Les bouleversements profonds et rapides de l’économie mondialisée contraignent l’Europe, et en particulier l’Allemagne, à réagir vite et fort pour construire une véritable politique industrielle. Mais selon William Desmonts, les signes d’une volonté tangible se font encore attendre. "Pour l’instant, les mesures annoncées dans ce domaine au niveau européen, en réponse notamment à l’IRA américaine, restent en réalité très limitées faute de moyens supplémentaires. La seule mesure réellement significative consiste à pérenniser l’assouplissement des règles encadrant les aides d’État mis en place pour faire face à la pandémie de Covid-19 en 2020 puis à la crise énergétique en 2022. L’Allemagne en avait d’ailleurs fait un usage massif en accordant à elle seule 356 milliards d’euros d’aides aux entreprises en 2022, soit 55% des aides totales apportées en Europe. En pratique, on se dirige donc vers une renationalisation des politiques industrielles plutôt que vers la mise en œuvre d’une politique industrielle véritablement européenne", estime l’expert.
Le raisonnement vaut également pour la politique en matière d’infrastructures. Le sujet est éminemment stratégique : la Chine l’a bien compris, comme en témoigne le plan "One Belt, One Road", communément appelé les nouvelles Route de la Soie, qui célèbre cette année son 10è anniversaire. Pourtant, en octobre dernier, contre l’avis de la Commission européenne et d’une partie de la coalition allemande au pouvoir, le chancelier allemand Olaf Scholz a accepté la prise de participation de Cosco dans le terminal à conteneurs Tollerort du port de Hambourg, concédant une limite à 24,9% du capital au lieu des 35% initialement prévus.

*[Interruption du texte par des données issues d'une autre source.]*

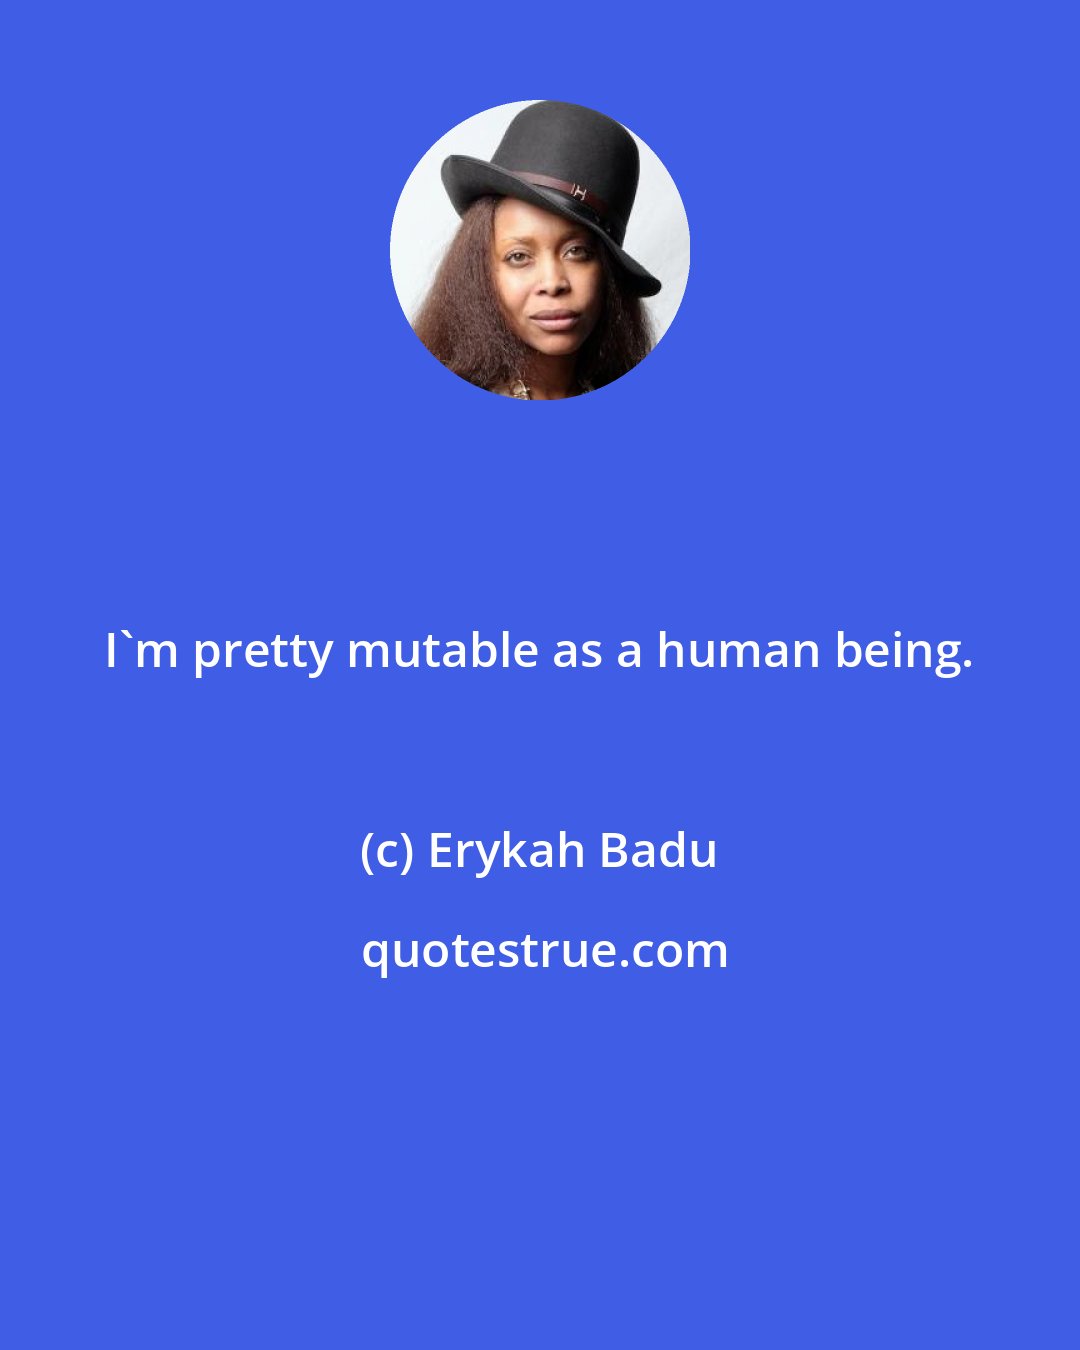 Erykah Badu: I'm pretty mutable as a human being.
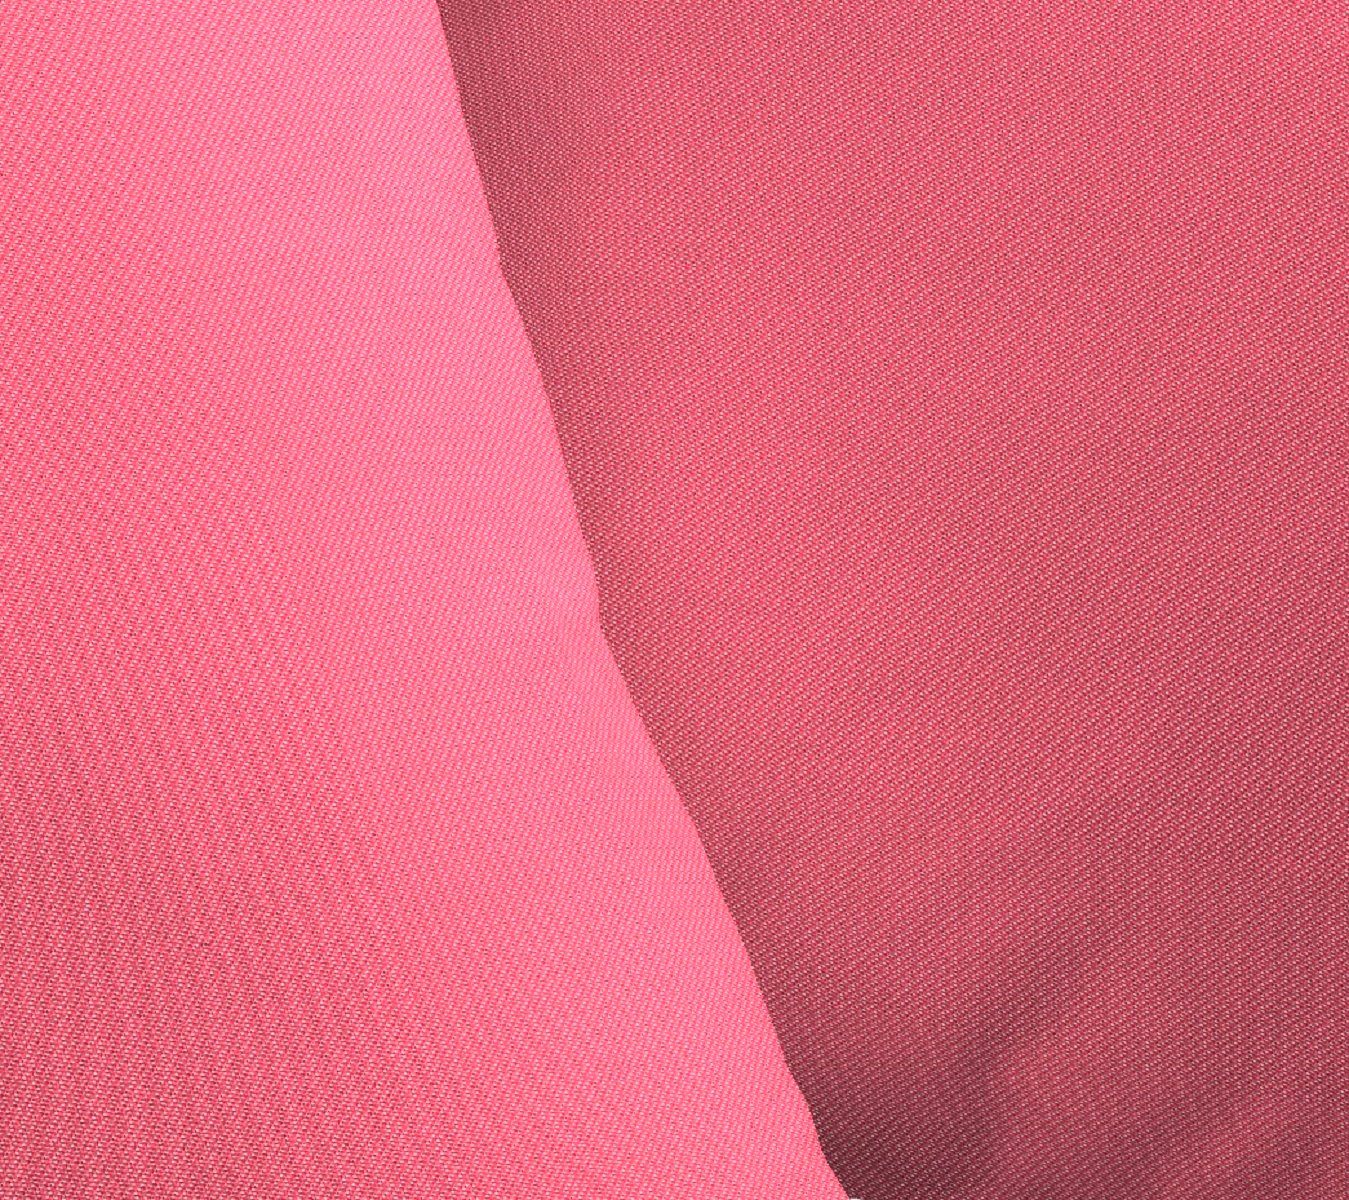 1 Füllung, Dekokissen Adam Kissenhülle ohne aus Bio-Baumwolle, Stück pink Uni zertifizierter Collection,

L’Allemagne n’a certes pas le monopole de cette tentation de faire cavalier seul. Mais compte tenu de l’importance économique de l’Allemagne sur la scène européenne et mondiale, ses décisions seront déterminantes pour l’avenir de l’Europe dans les nouveaux schémas de mondialisation.
[1] William Desmonts, "L’Allemagne au piège de sa mutation", Le Grand Continent, février 2023.
[2] Patricia Commun, "La puissance industrielle de l’Allemagne en danger. Le double choc de la transition énergétique et du risque géopolitique", Notes du Cerfa, n° 170, Ifri, juillet 2022.